Transcribe the listing in full, word for word; pictures do not belong in the copy.

> [Collected material]:
──────────

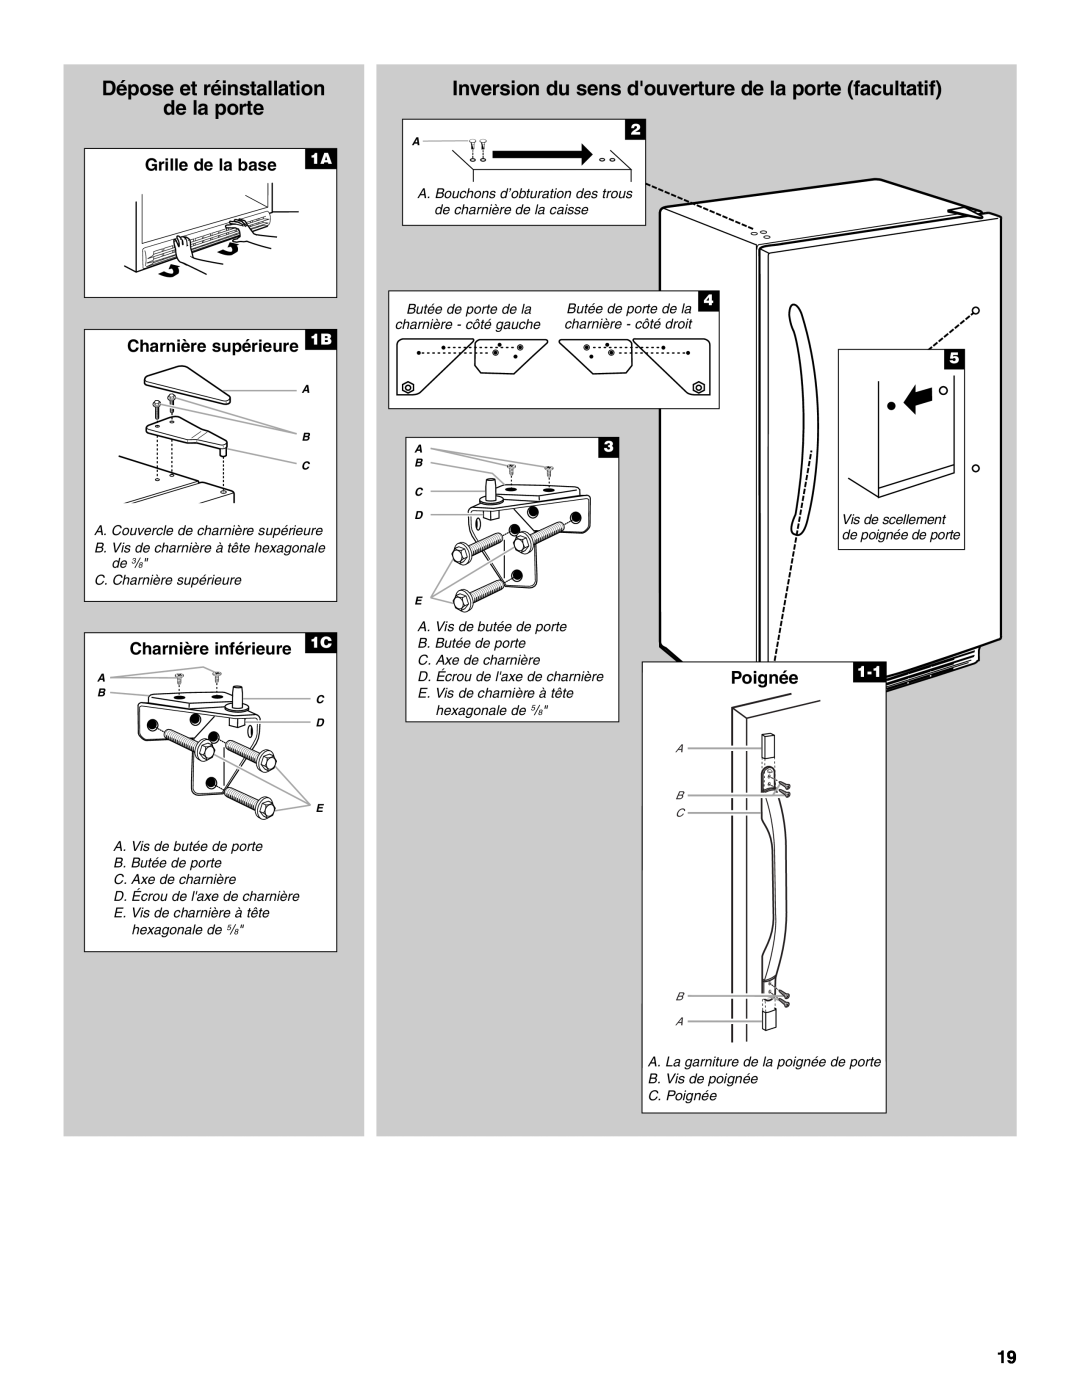 Danby DUFM454WDB manual Dépose et réinstallation de la porte, Inversion du sens douverture de la porte facultatif, Poignée 
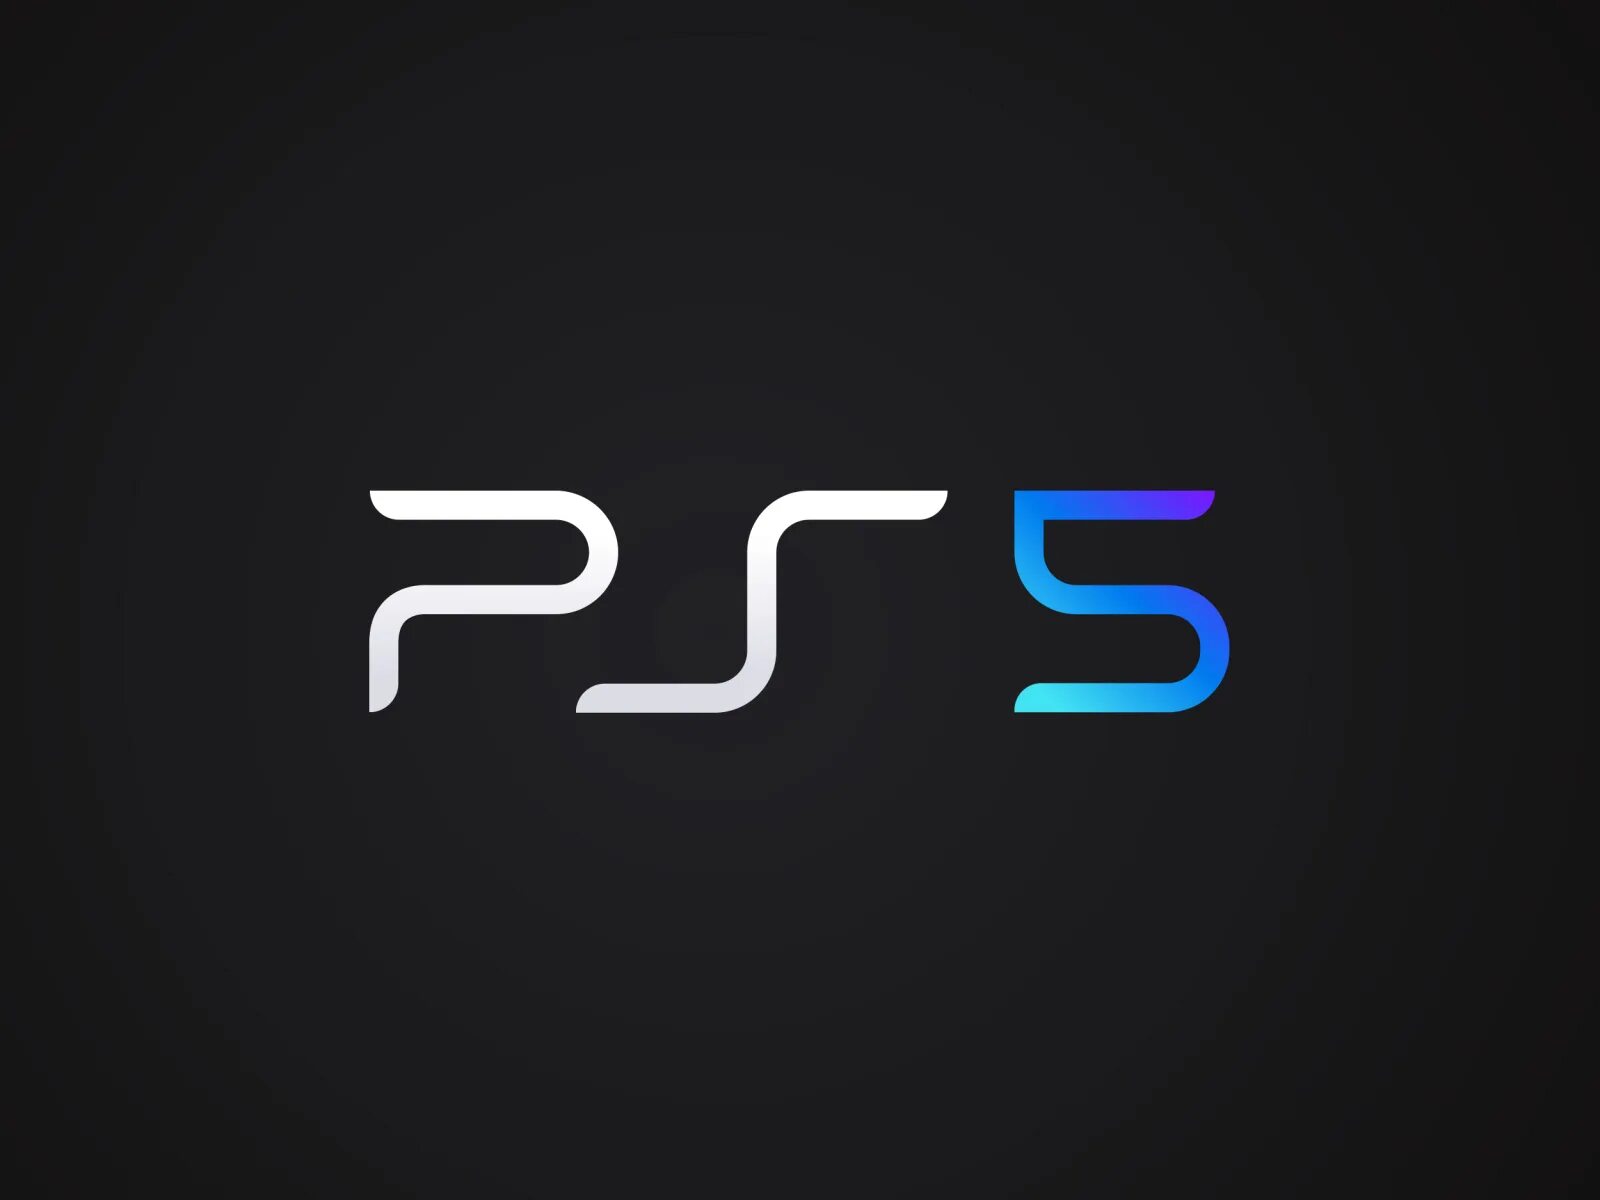 Ps5 turkey. Sony ps5 logo. Sony PLAYSTATION 5. Sony PLAYSTATION 5 лого. Ps4 ps5 логотип.
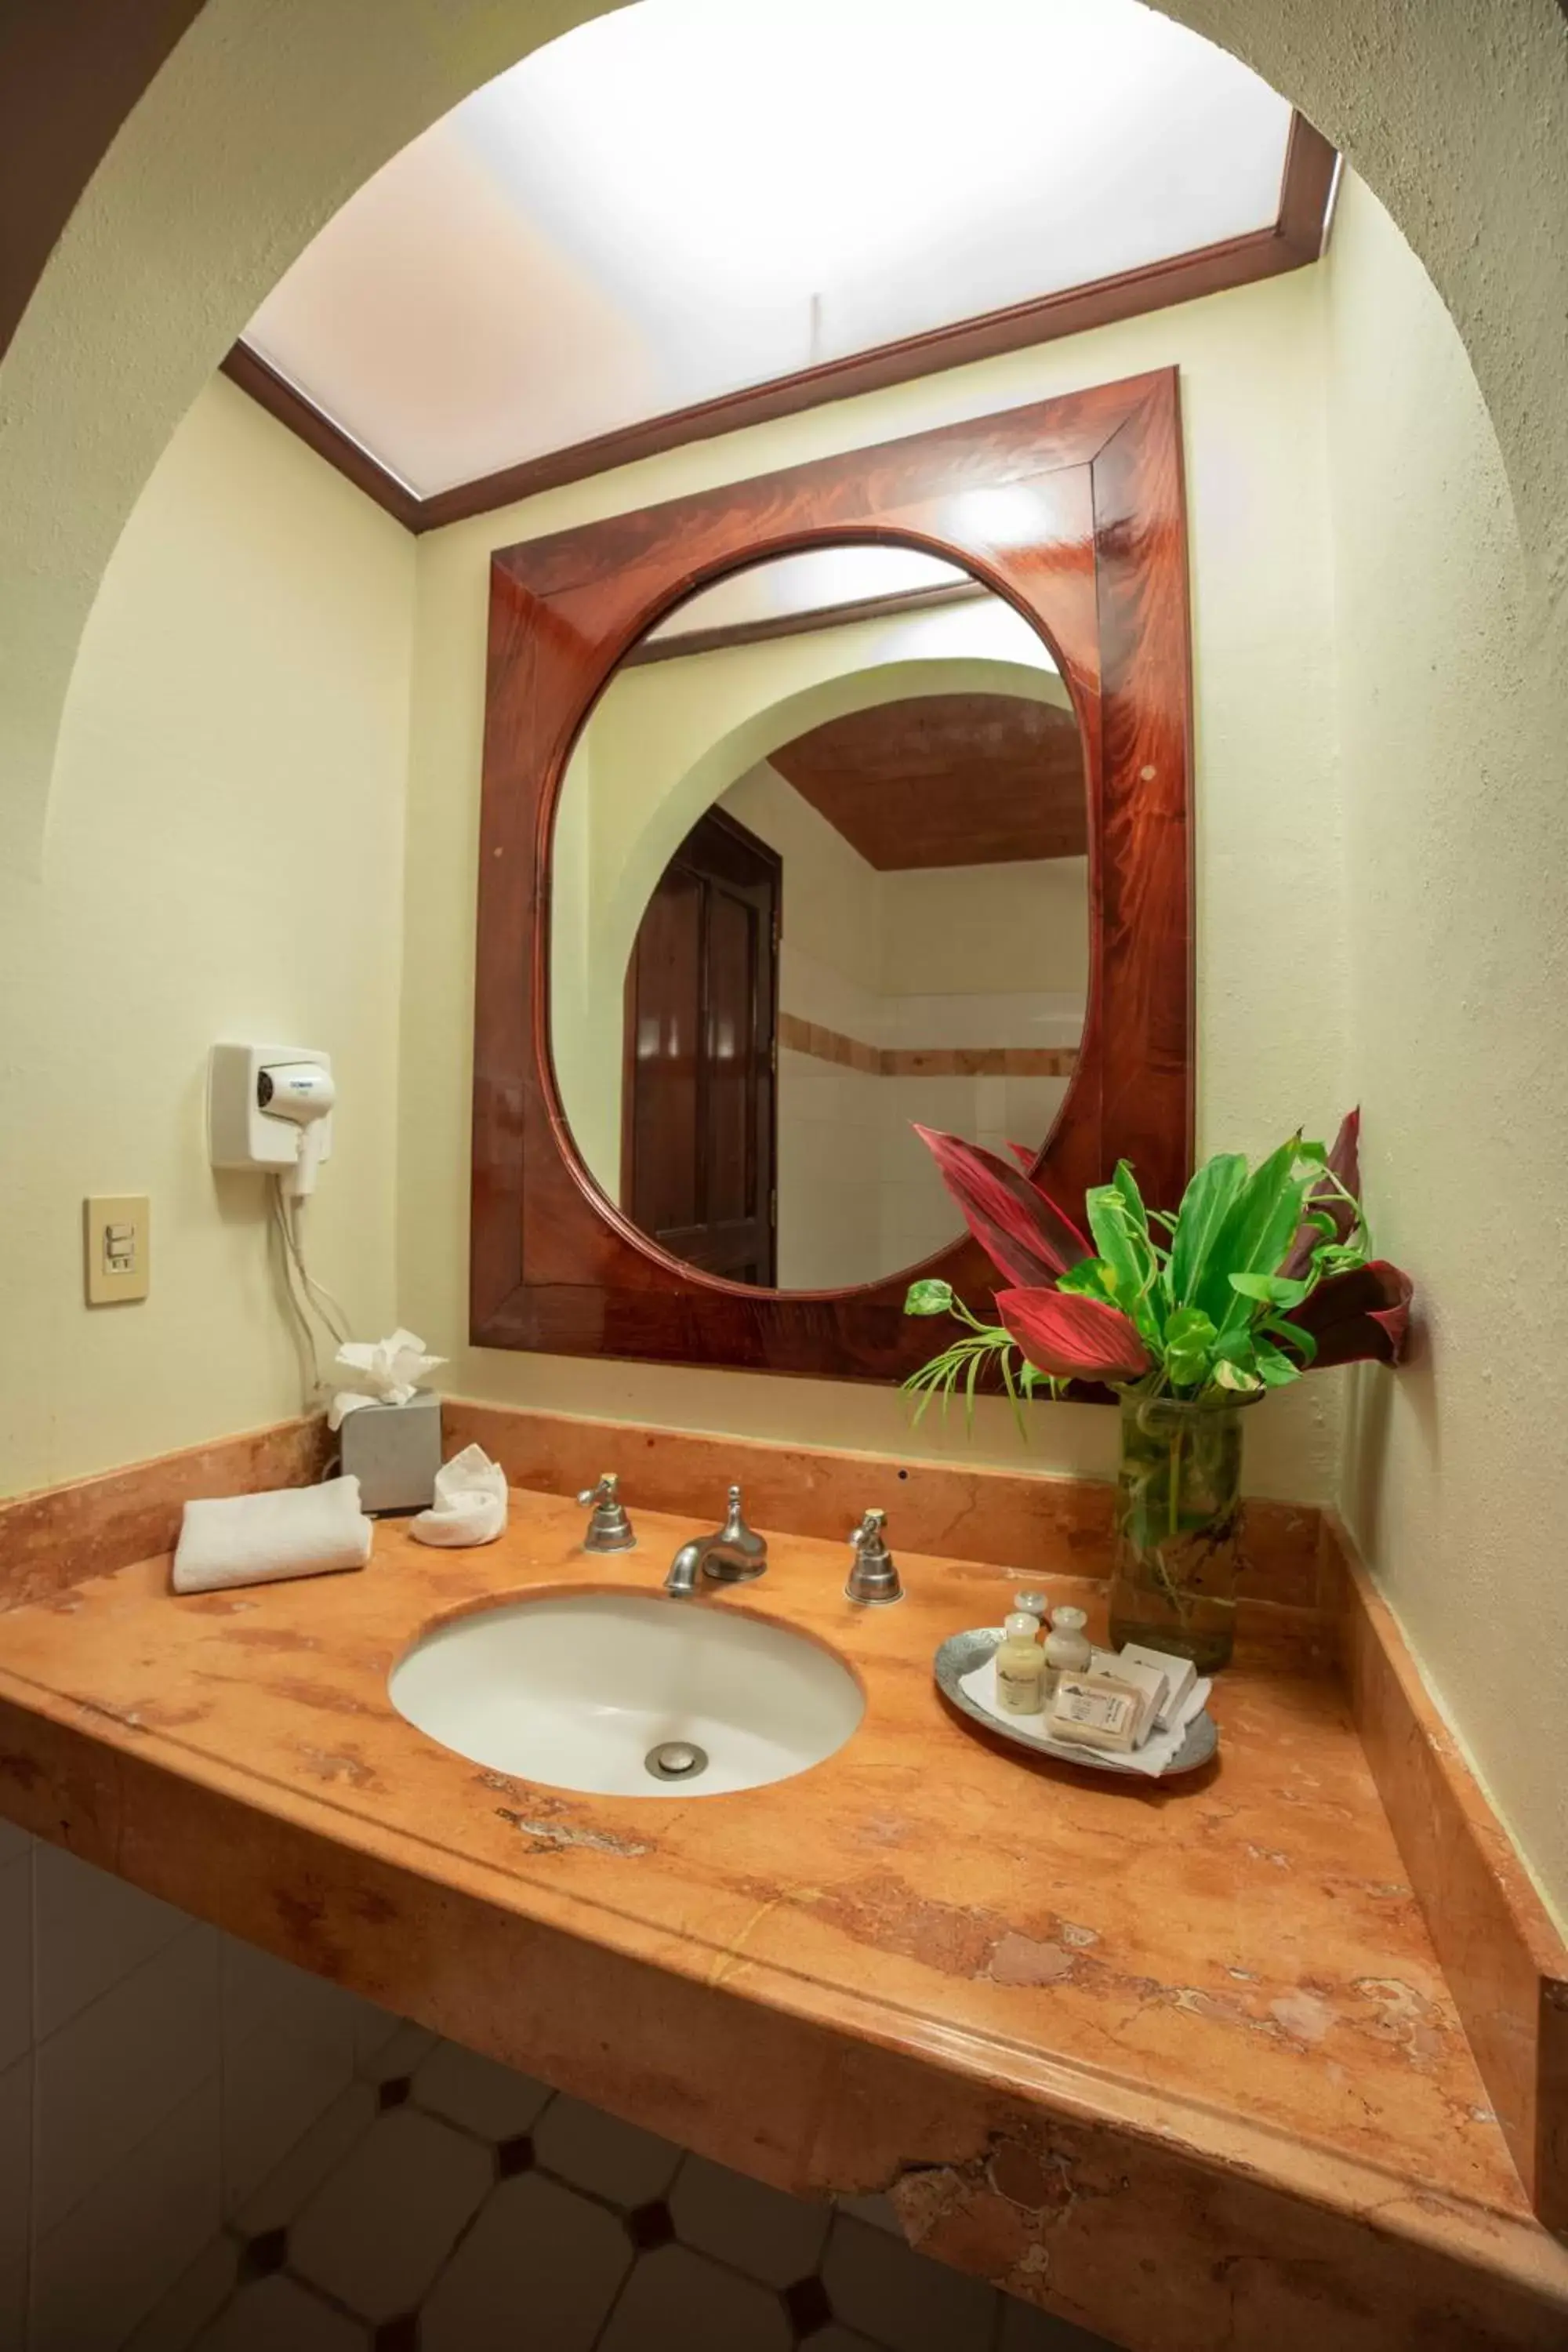 Area and facilities, Bathroom in Hotel Chichen Itza

──────────

> [Task solution]:
 Danby DUFM454WDB manual Dépose et réinstallation de la porte, Inversion du sens douverture de la porte facultatif, Poignée 
 Ps5 turkey. Sony ps5 logo. Sony PLAYSTATION 5. Sony PLAYSTATION 5 лого. Ps4 ps5 логотип.
 Area and facilities, Bathroom in Hotel Chichen Itza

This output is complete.